>>

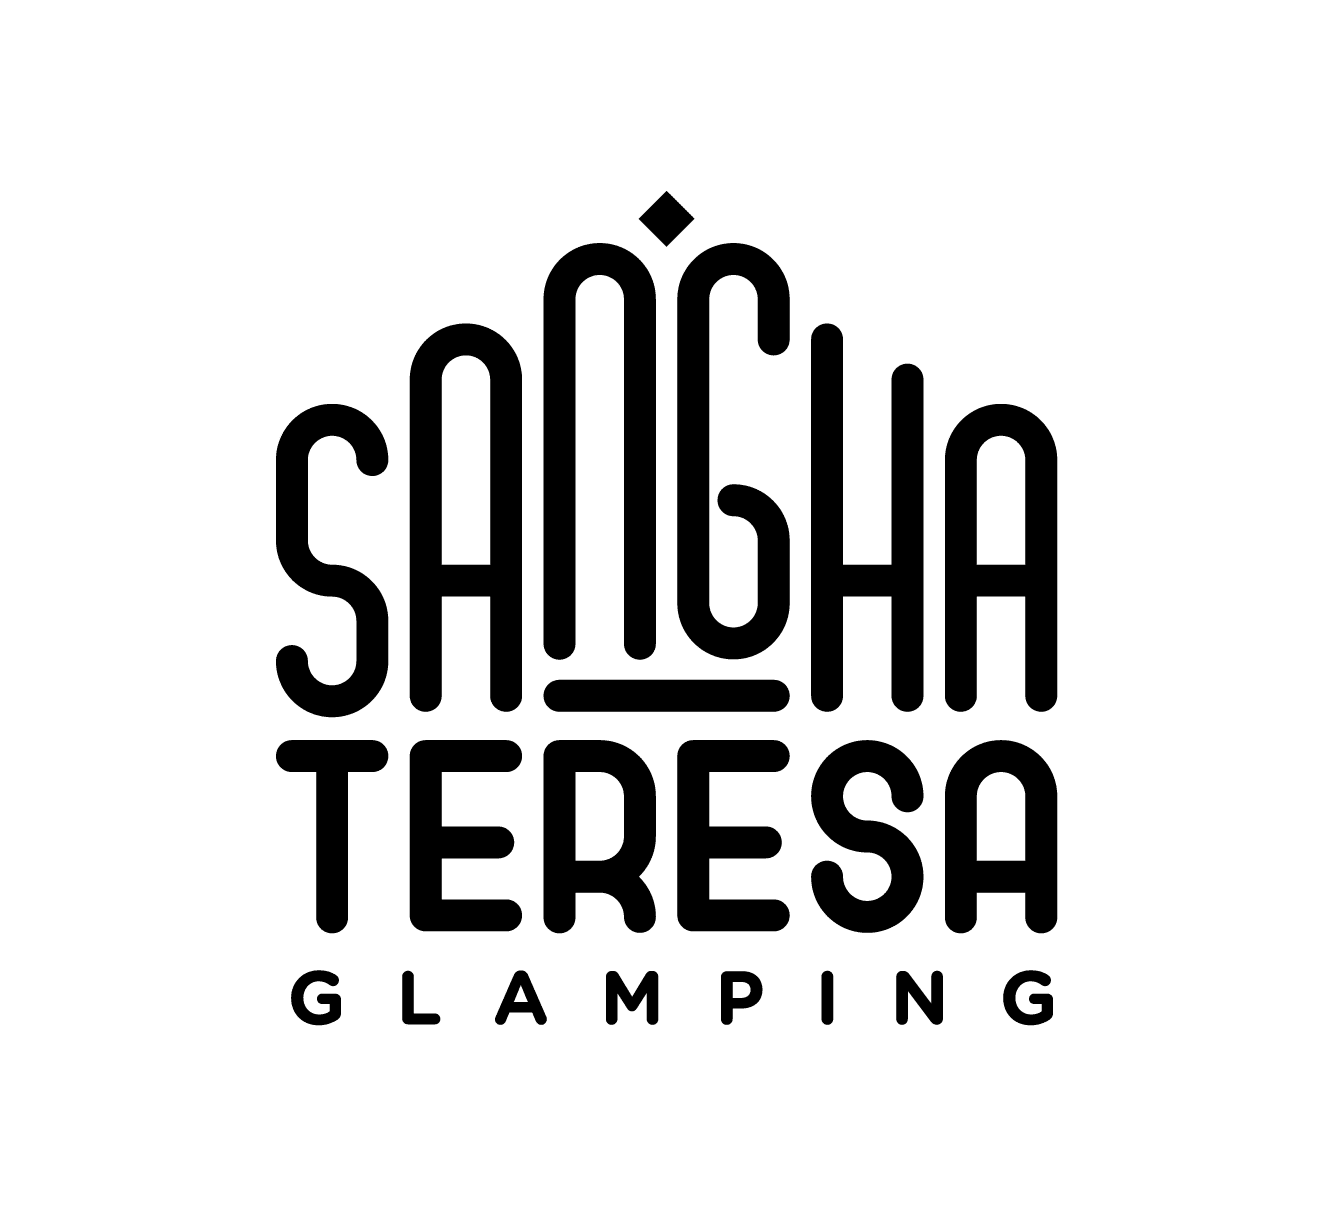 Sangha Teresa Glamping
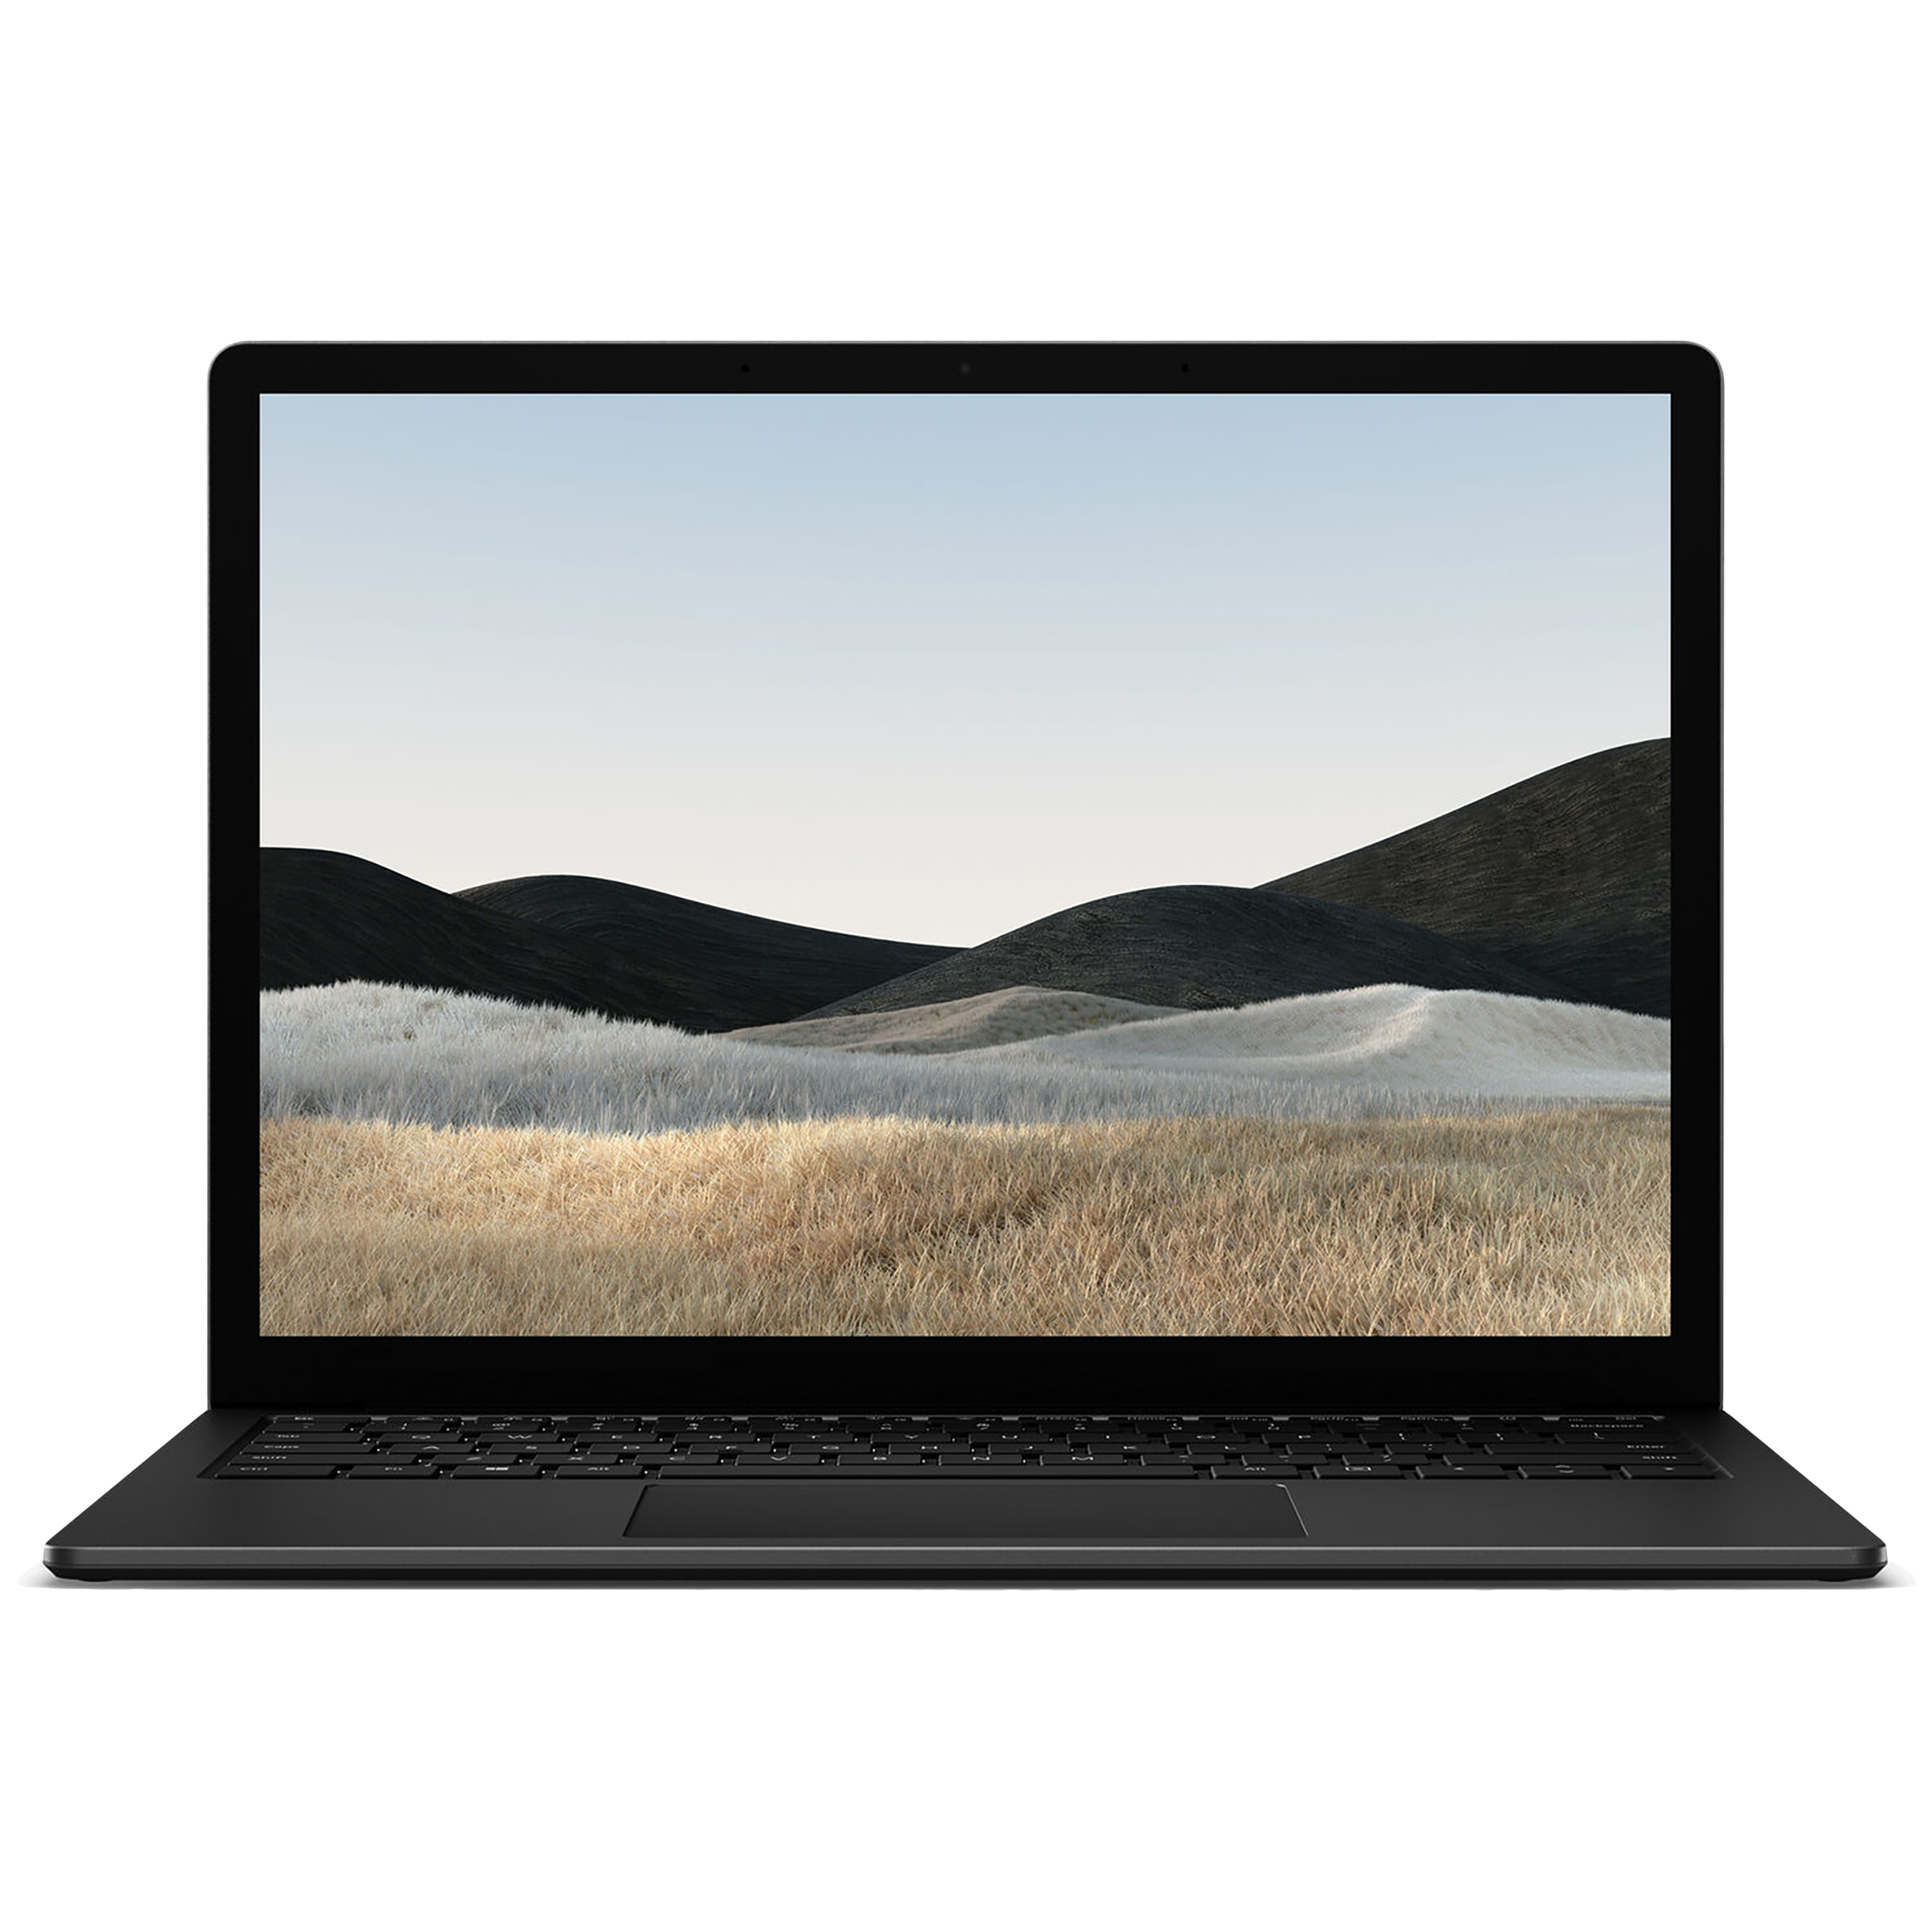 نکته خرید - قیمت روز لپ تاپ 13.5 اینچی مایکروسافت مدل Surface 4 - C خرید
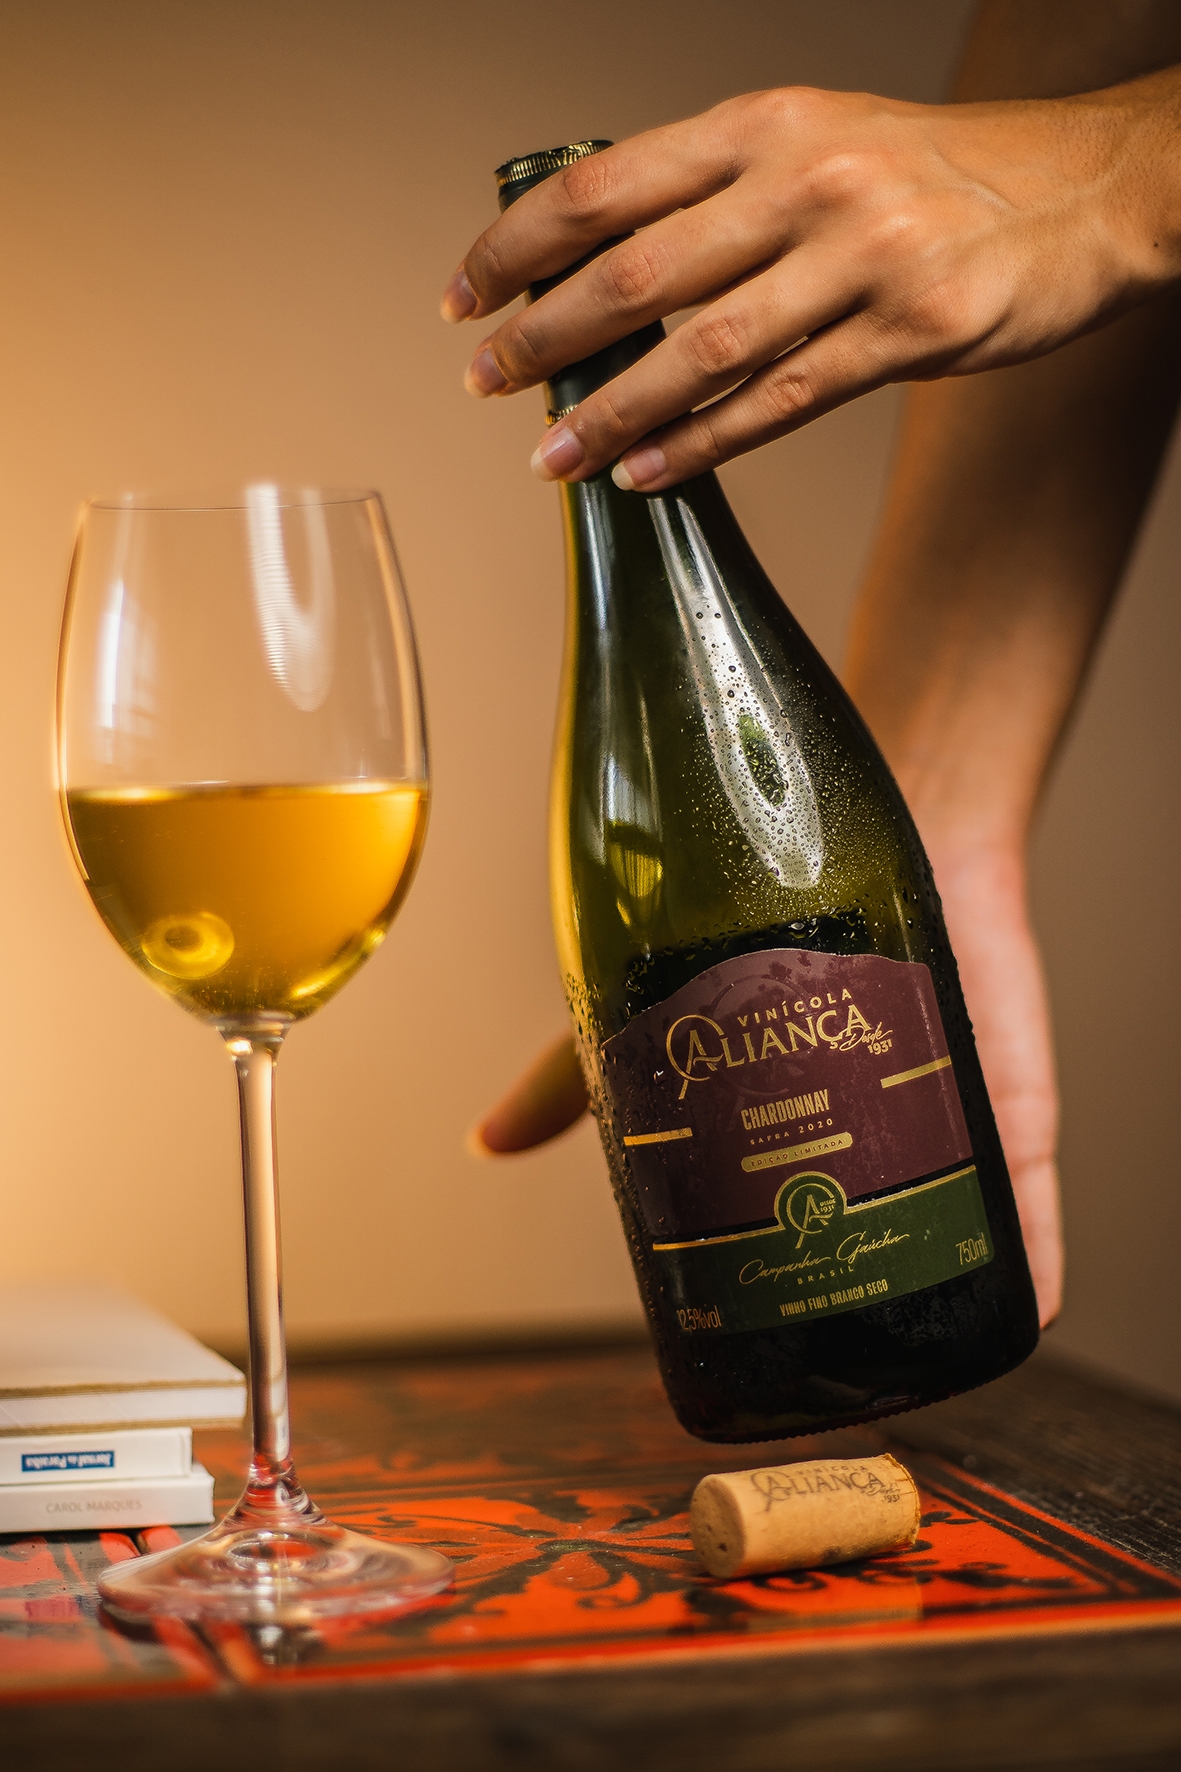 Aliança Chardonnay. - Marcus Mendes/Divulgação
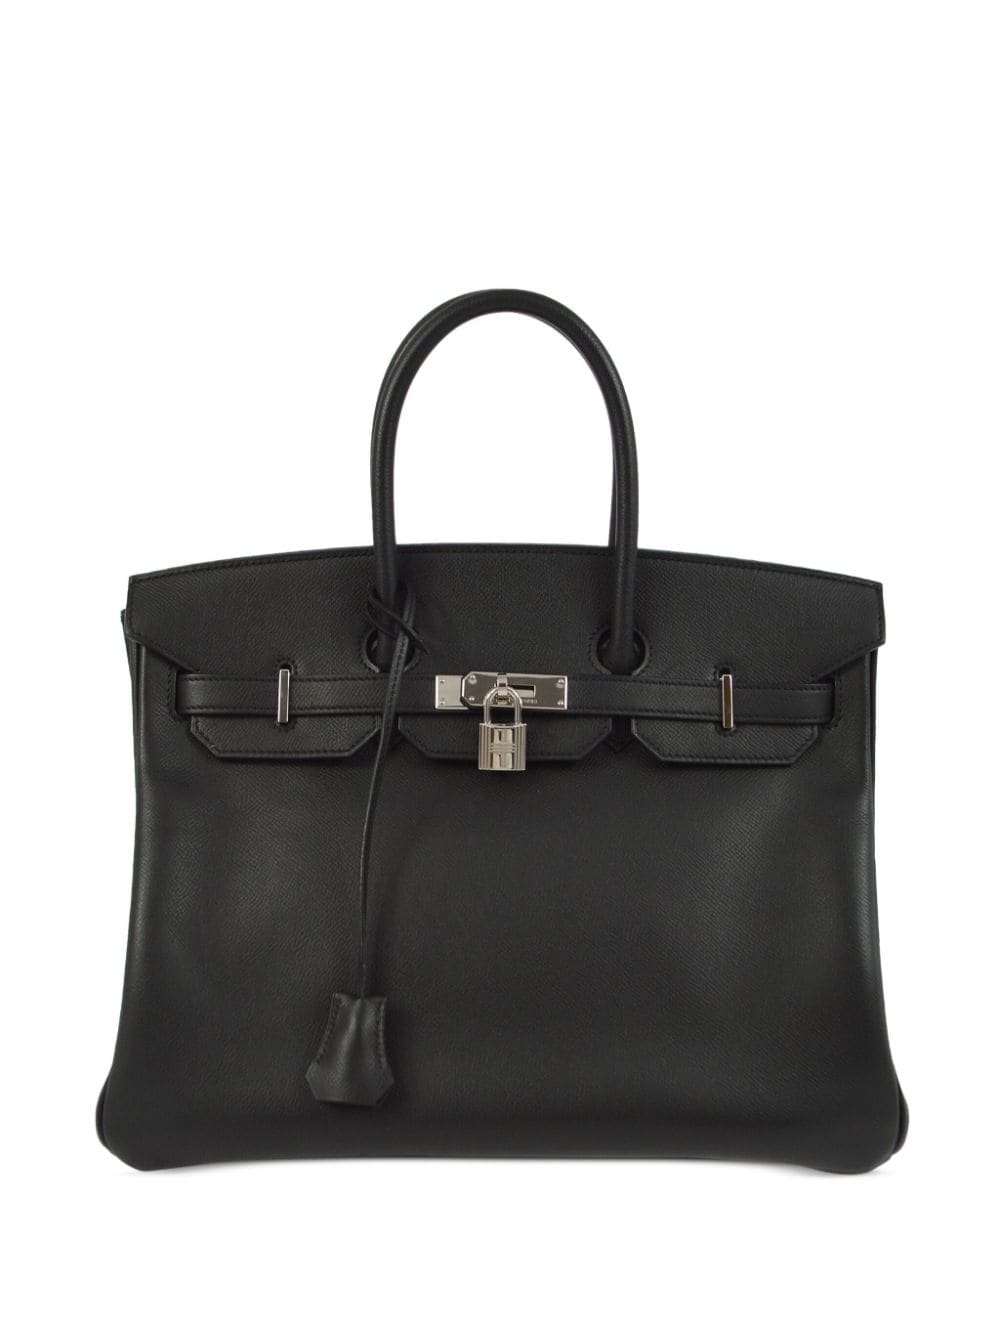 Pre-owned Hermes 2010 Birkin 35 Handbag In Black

<<

> AIM OF THE TASK:
Set the material above down again word for word. Include none of its pictures.

> TASK OUTPUT:
 Sangha Teresa Glamping
 نکته خرید - قیمت روز لپ تاپ 13.5 اینچی مایکروسافت مدل Surface 4 - C خرید
 Aliança Chardonnay. - Marcus Mendes/Divulgação
 Pre-owned Hermes 2010 Birkin 35 Handbag In Black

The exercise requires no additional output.